_What you have to do_
Print out the data that follows exactly, character for character, apart from the pictures.

_Available data_
○ ○ ○ ○ ○
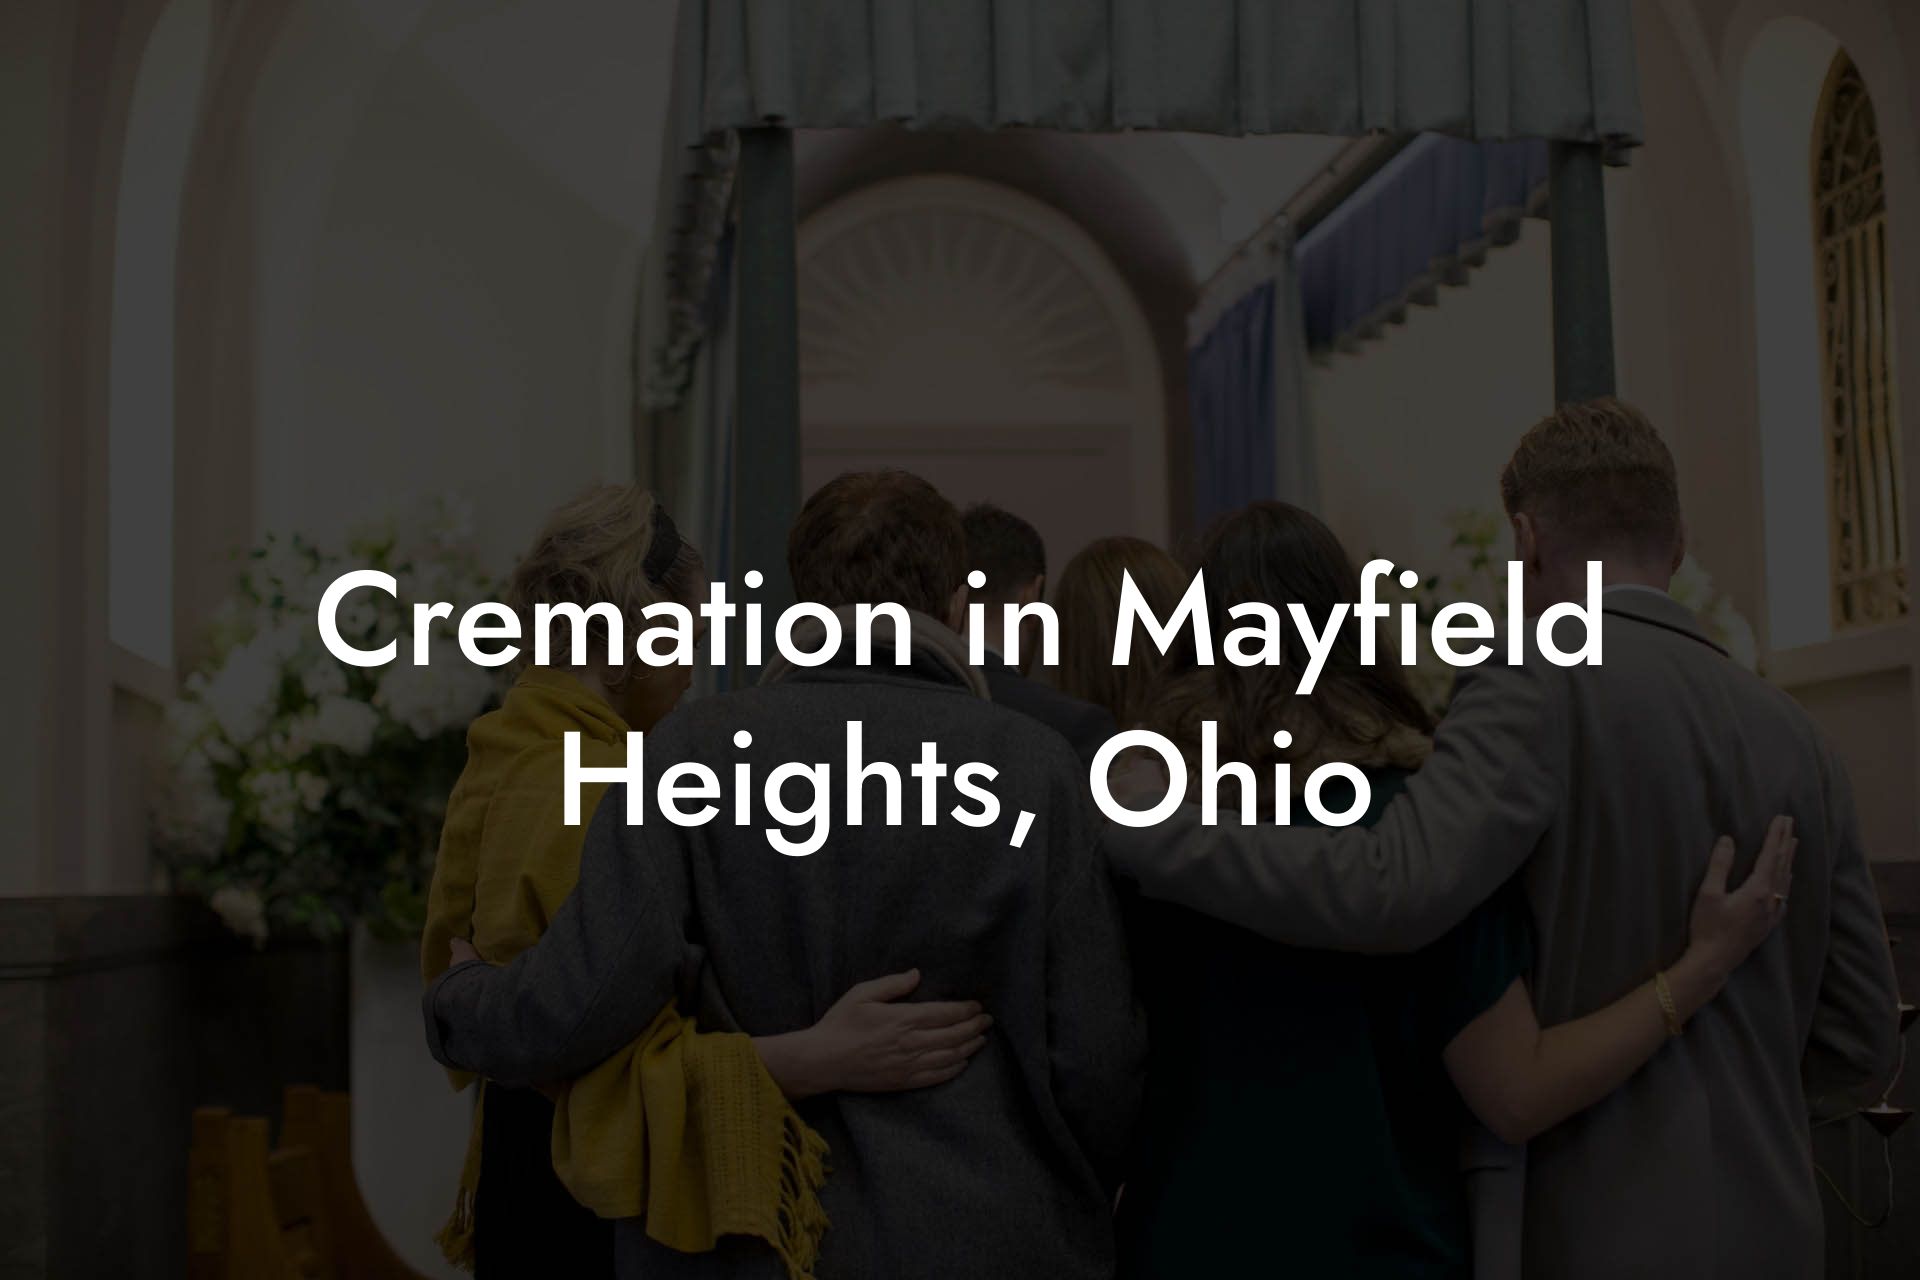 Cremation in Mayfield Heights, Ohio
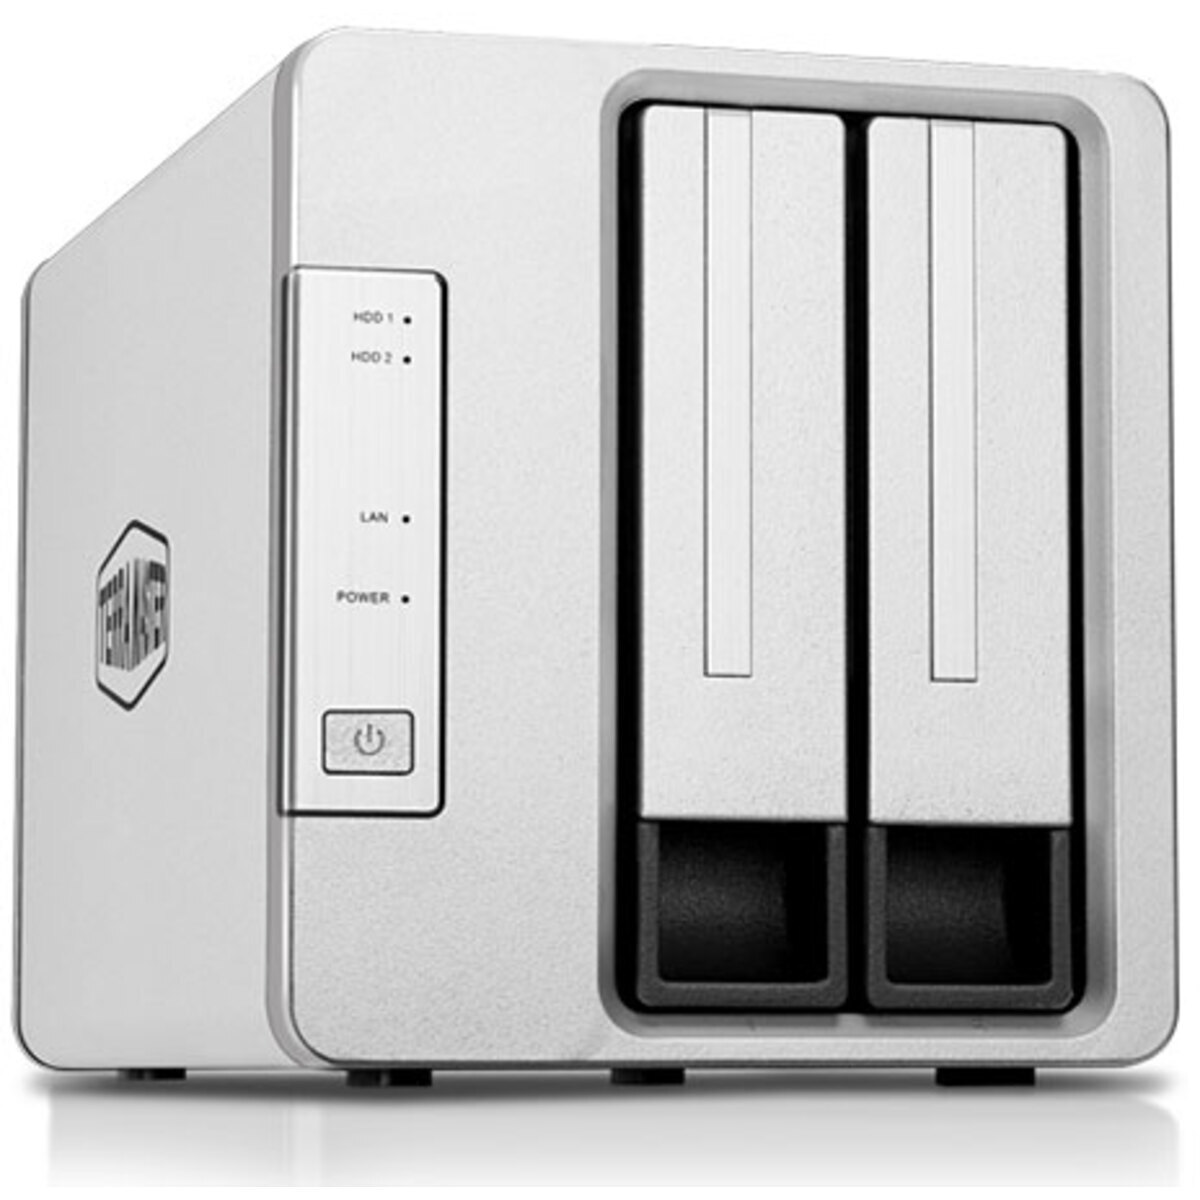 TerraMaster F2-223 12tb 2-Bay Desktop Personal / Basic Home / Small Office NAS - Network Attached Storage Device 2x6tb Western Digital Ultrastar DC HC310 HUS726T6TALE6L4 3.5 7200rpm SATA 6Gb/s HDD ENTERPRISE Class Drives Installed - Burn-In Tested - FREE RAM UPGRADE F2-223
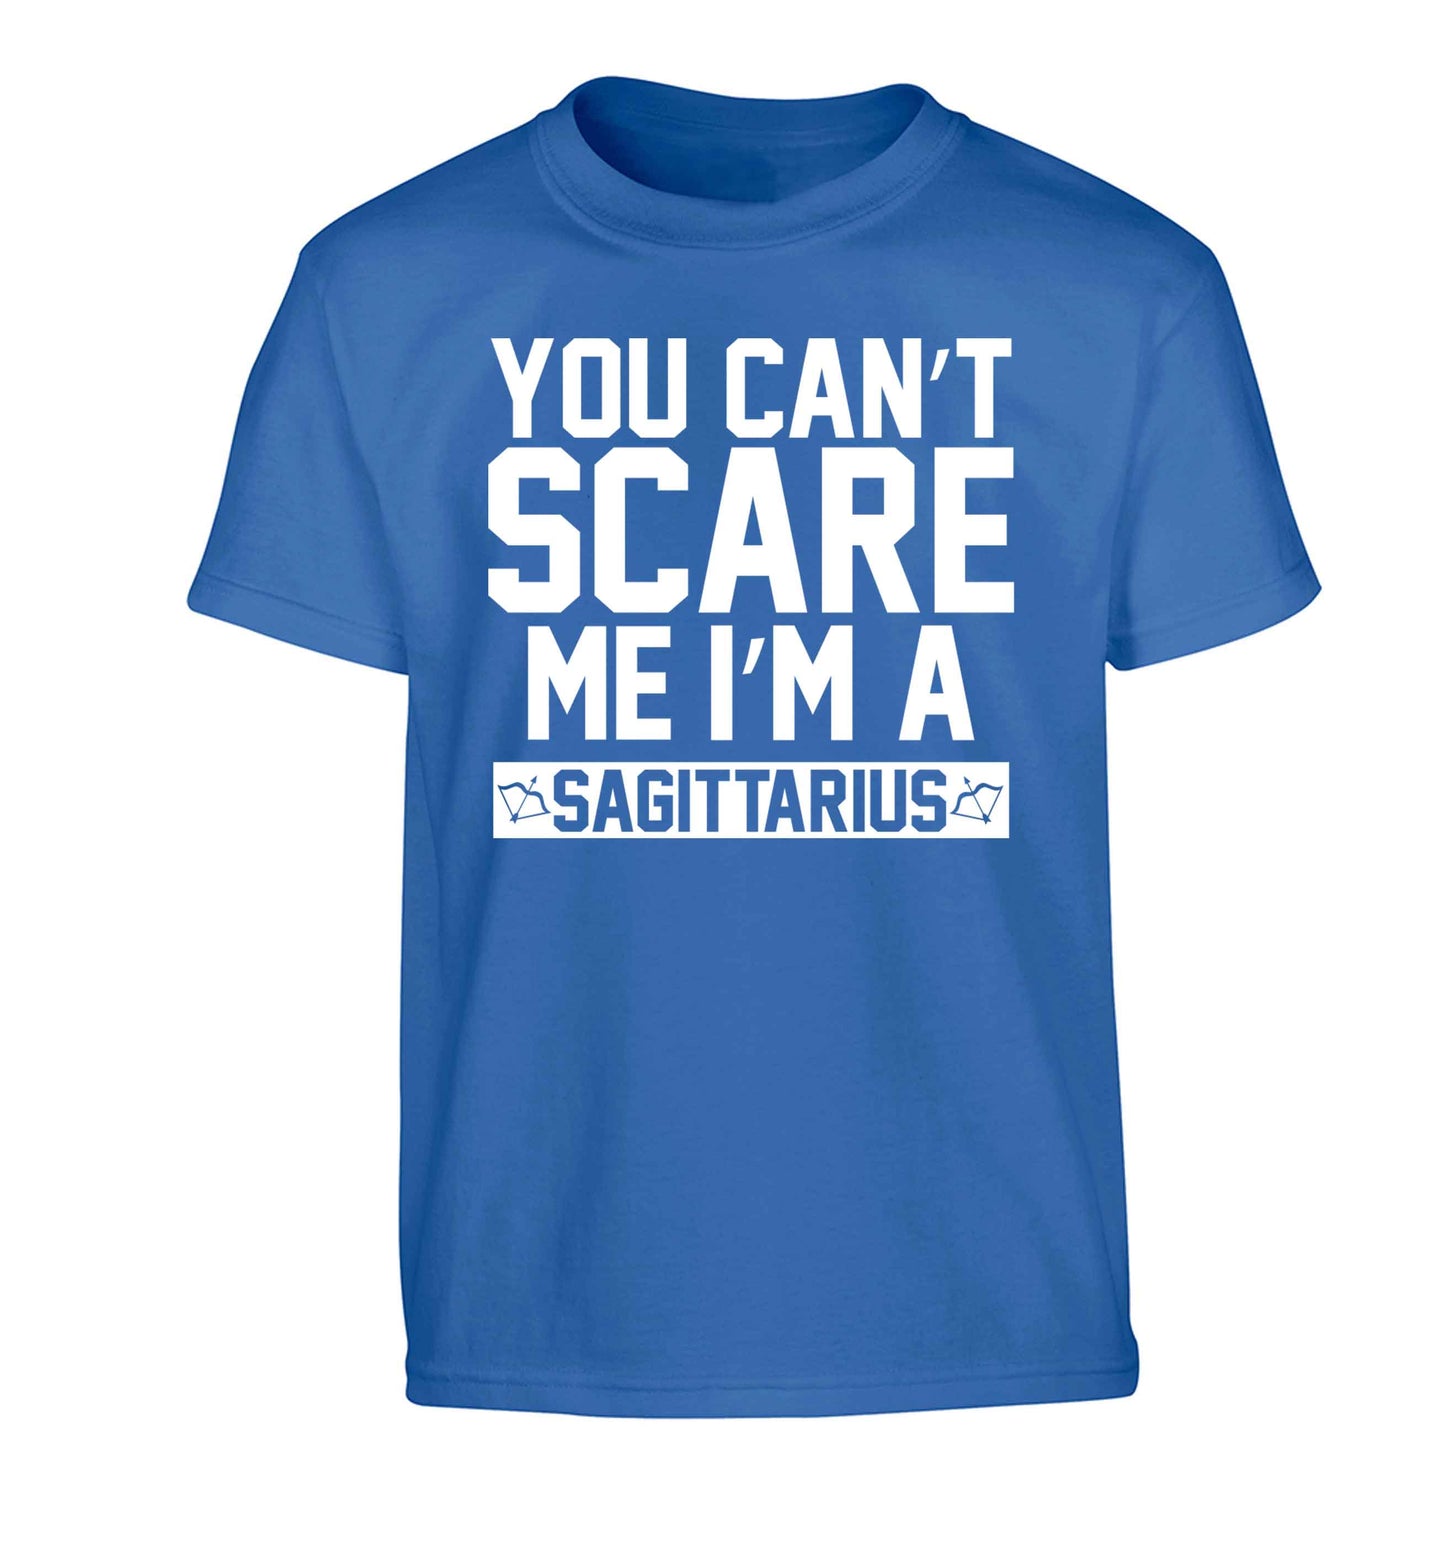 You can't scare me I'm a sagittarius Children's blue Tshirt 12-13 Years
○ ○ ○ ○ ○
_Completed task_
 Cremation in Mayfield Heights, Ohio
 TerraMaster F2-223 12tb 2-Bay Desktop Personal / Basic Home / Small Office NAS - Network Attached Storage Device 2x6tb Western Digital Ultrastar DC HC310 HUS726T6TALE6L4 3.5 7200rpm SATA 6Gb/s HDD ENTERPRISE Class Drives Installed - Burn-In Tested - FREE RAM UPGRADE F2-223
 You can't scare me I'm a sagittarius Children's blue Tshirt 12-13 Years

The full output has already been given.